In Linux, this couldn’t work out this way (given the design chosen by Linux Fuse): there is one Fuse device only, and a fail-safe identification of the subject of the mount is possible only within the scope of one process.
In FreeBSD, altering from the Linux way of atomic mounting is not a design choice, it’s a must. Unlike Linux, BSDs use a different type of op vector devices and for regular files (the device access and vnode API is not unified). The device access API is not only different but almost completely (struct) file unaware. So we can’t distinguish between different openers of a given device.
The traditional solution would be working with a static set of fuse devices (nnpfs, the multiplatform userspace vfs framework of Arla has chosen this solution in its BSD implementations). However, FreeBSD has a peculiarity which lets us implement Fuse as dynamically as it’s in Linux: a wisely designed in-kernel device filesystem.

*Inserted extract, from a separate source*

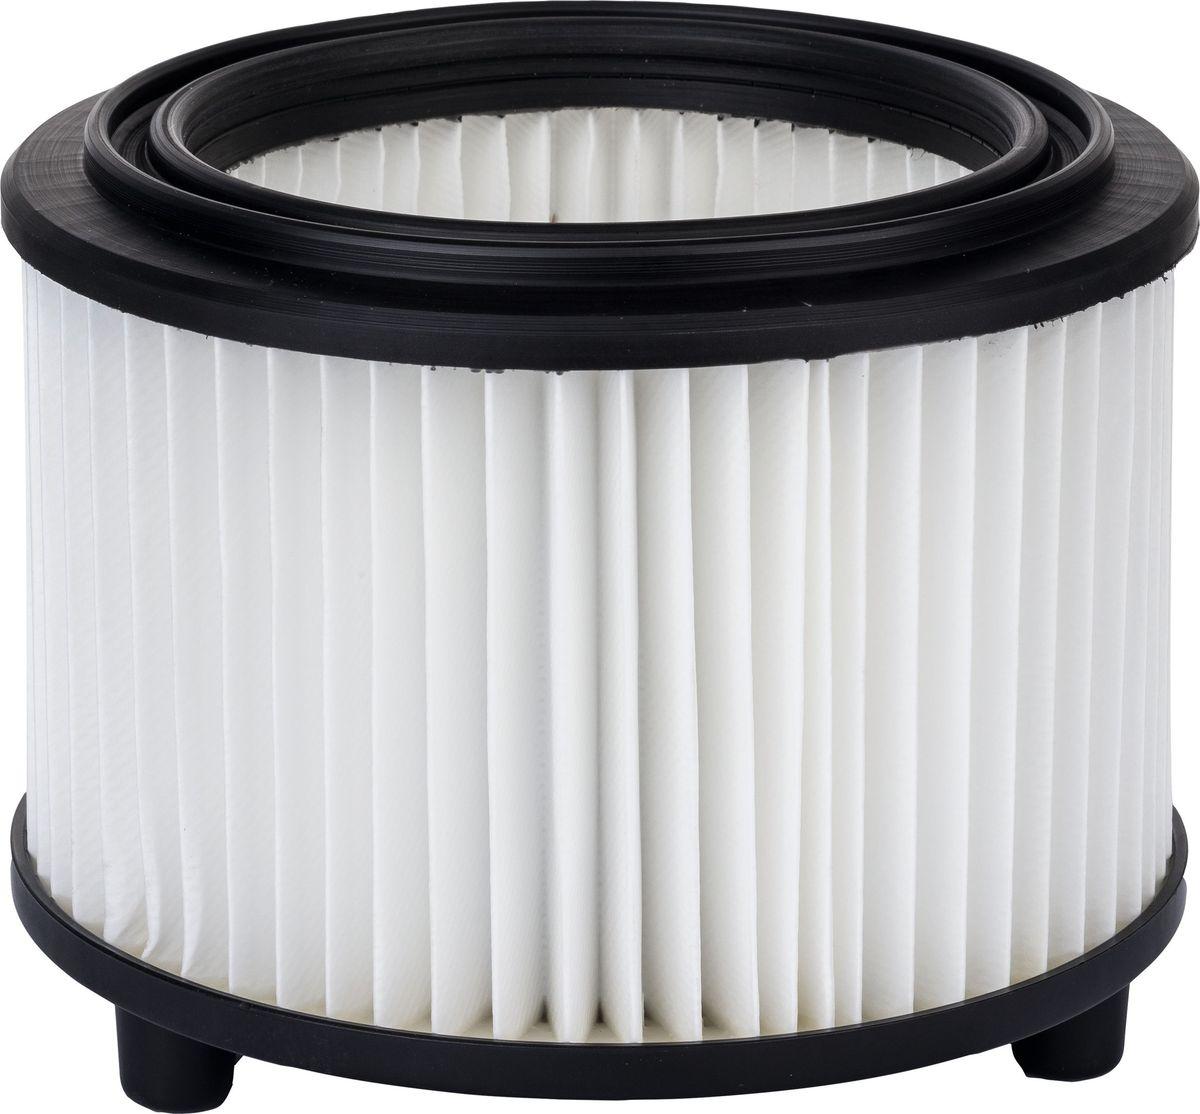 Картридж-фильтр для пылесосов Bosch Vac. 2609256F352609256F35Картридж-фильтр для универсальных пылесосов Bosch моделей EasyVac 3, UniversalVac 15 и AdvancedVac 20.

FreeBSD devfs provides a mechanism to register event handlers for certain device name patterns, by which new devices can be spawned on the fly and system call handling can be delegated. We rely on this mechanism for providing a dedicated Fuse device to each Fuse daemon.
At this point, one could spot one definite advantage of the Linux way of doing the mount: it’s comfortable. That the state of Fuse daemons is explicitly reflected in the devfs namespace might seem to be an elegant concept, yet performing the device squatting and the mount syscall via separate commands will get tedious pretty fast.
To get over this, the mount utility serves as an umbrella frontend
to all these mechanisms, and running mount_fusefs auto mp daemon args
will open a Fuse device, start the daemon with the given args and makes
it chew on the device, and finally mount the daemon on mp.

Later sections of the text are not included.